Performance is more time sensitive and important than capacity. Manage performance first, capacity second. Using the restaurant analogy, you focus on the dining area first, then the kitchen.
In larger organizations, they are typically managed by two different teams. The capacity team does not get involved in the day-to-day operations as they focus on longer-term resource availability. They also consider latent workload and future demand, which performance does not consider.
The capacity team may not have the technical skills to troubleshoot performance. On the other hand, the day-to-day operations deals with “what’s on the floor” of the data center. Their primary focus is meeting the demand from applications on that day.
Capacity involves factors like HA, Buffer, Overhead and Reservation. None of these are relevant to performance monitoring. In Performance, you don’t care about them as performance is about reality (what actually happens). Those factors may cause performance problems, but they are not considered in the performance metric.
Capacity uses a smaller subset of the resource than performance. One main concept is Usable Capacity, which is unique to capacity. There is no usable performance, usable compliance and usable availability.
The relationship between capacity and performance varies depending on the object. Consumer objects (e.g. VM, K8S Pod) have different natures than provider objects (e.g. vSphere Cluster, vSAN Cluster). For provider objects, performance is always bottom up. You start with the VM running inside in the provider object, and then aggregate the metrics. Capacity is always top down. You look at the big picture first, then drill down. For example, you start with the vSphere cluster, then drill down to ESXi.

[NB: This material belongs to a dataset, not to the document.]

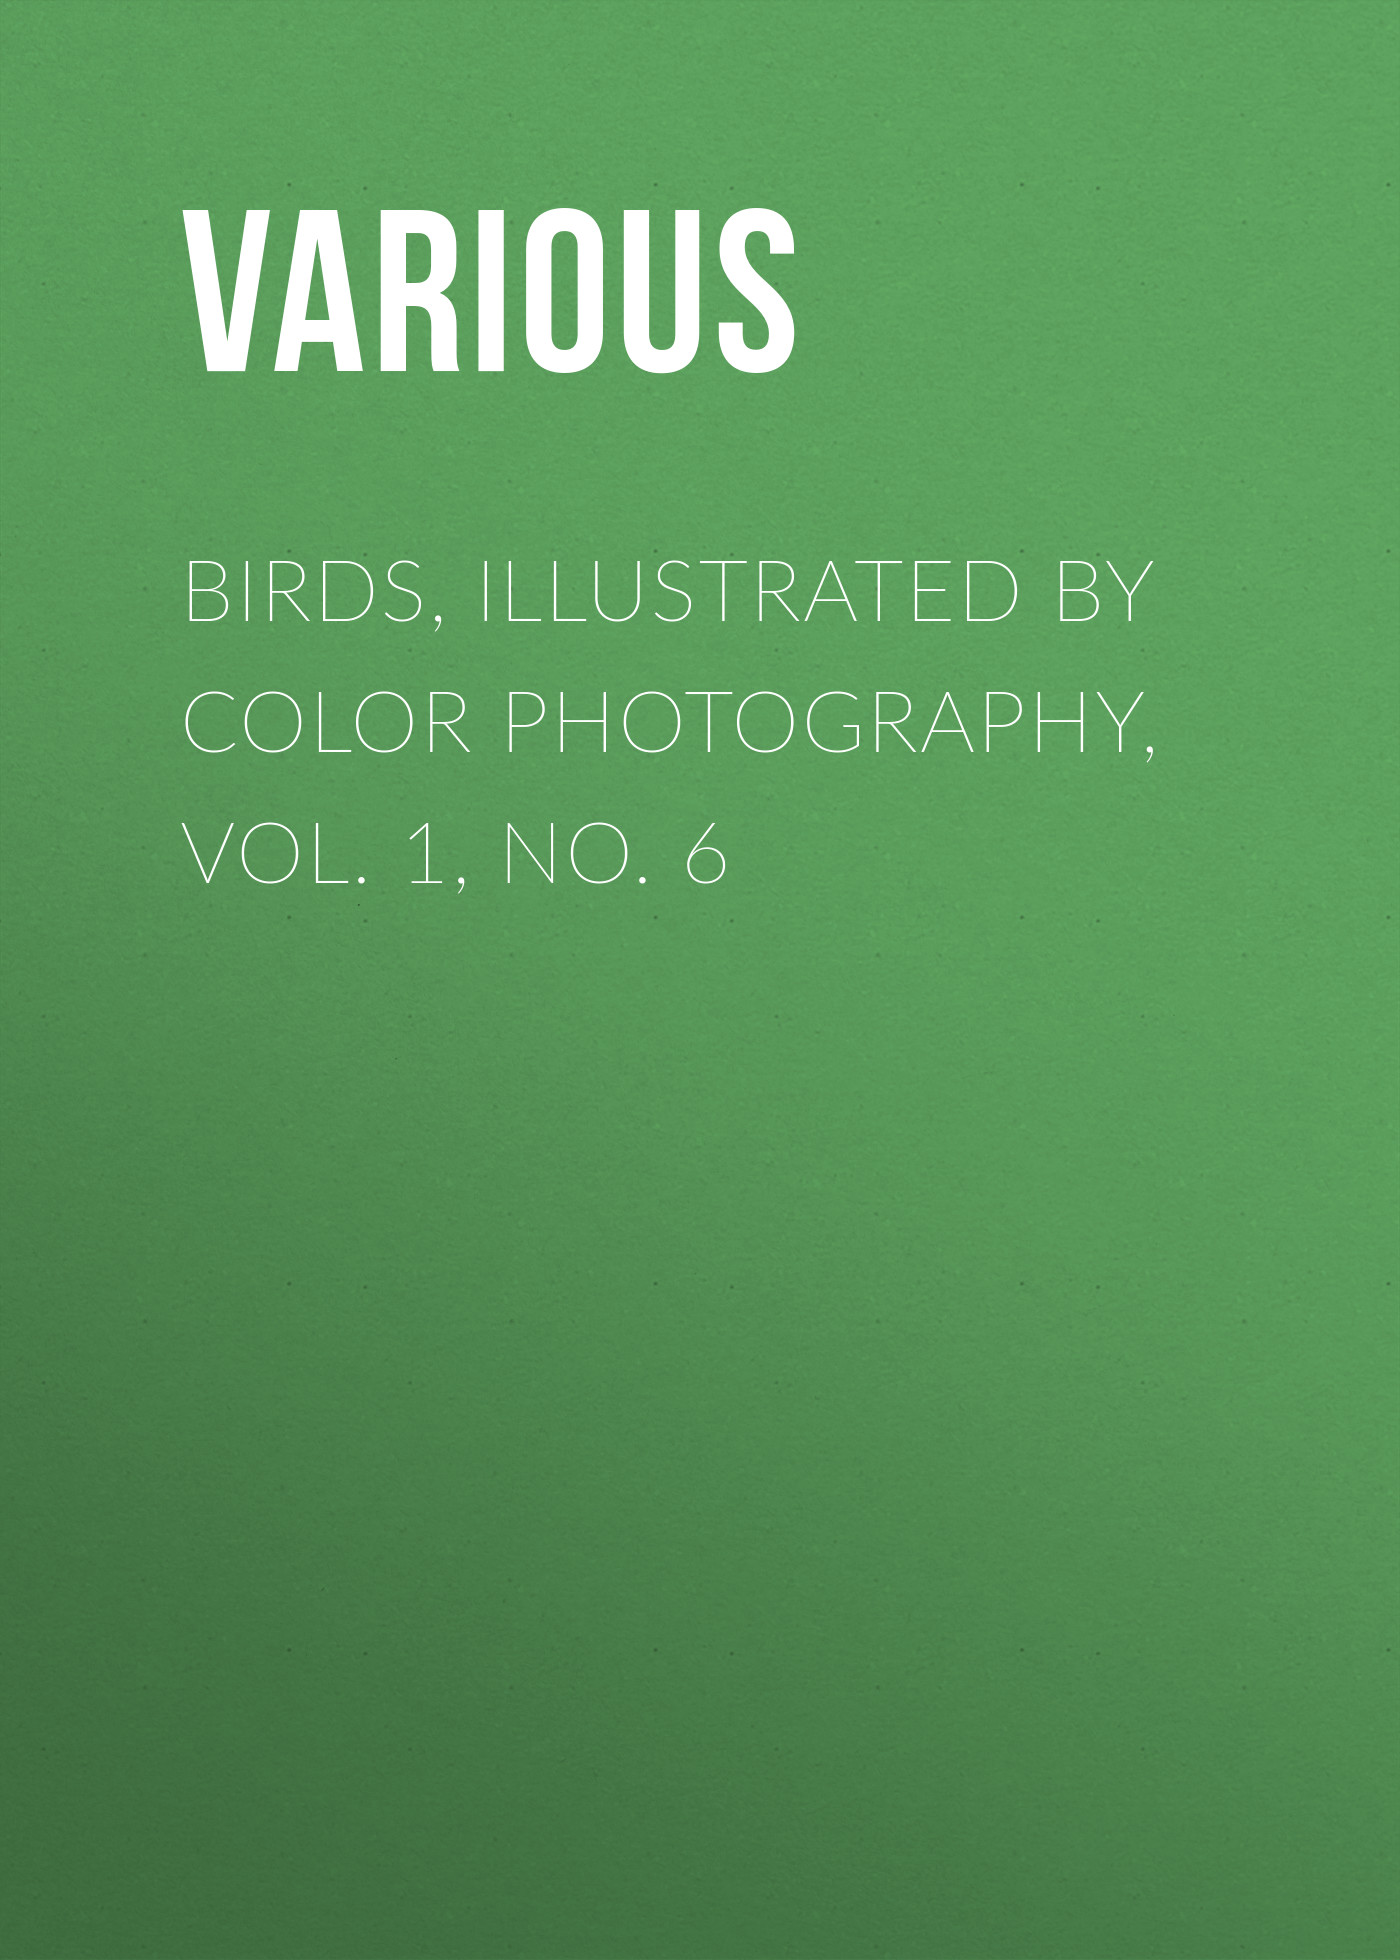 Книга Birds, Illustrated by Color Photography, Vol. 1, No. 6 из серии , созданная  Various, может относится к жанру Журналы, Биология, Природа и животные, Зарубежная образовательная литература. Стоимость электронной книги Birds, Illustrated by Color Photography, Vol. 1, No. 6 с идентификатором 25570871 составляет 0 руб.

For an IaaS provider, the following tables explains how performance and capacity differ.
Utilization vs Demand
Utilization is not something you manage. It is just an input to what you actually care, which is capacity and performance. The nuance is both use utilization differently. In addition, capacity uses demand metrics, which takes the highest of utilization & reservation.
Performance will be absolute (real value), Capacity will be relative (it depends on settings). Unlike performance, Capacity is measured against usable capacity, not absolute capacity. There is no such thing as usable performance.
Now that we’ve looked at purpose, now let’s look at object.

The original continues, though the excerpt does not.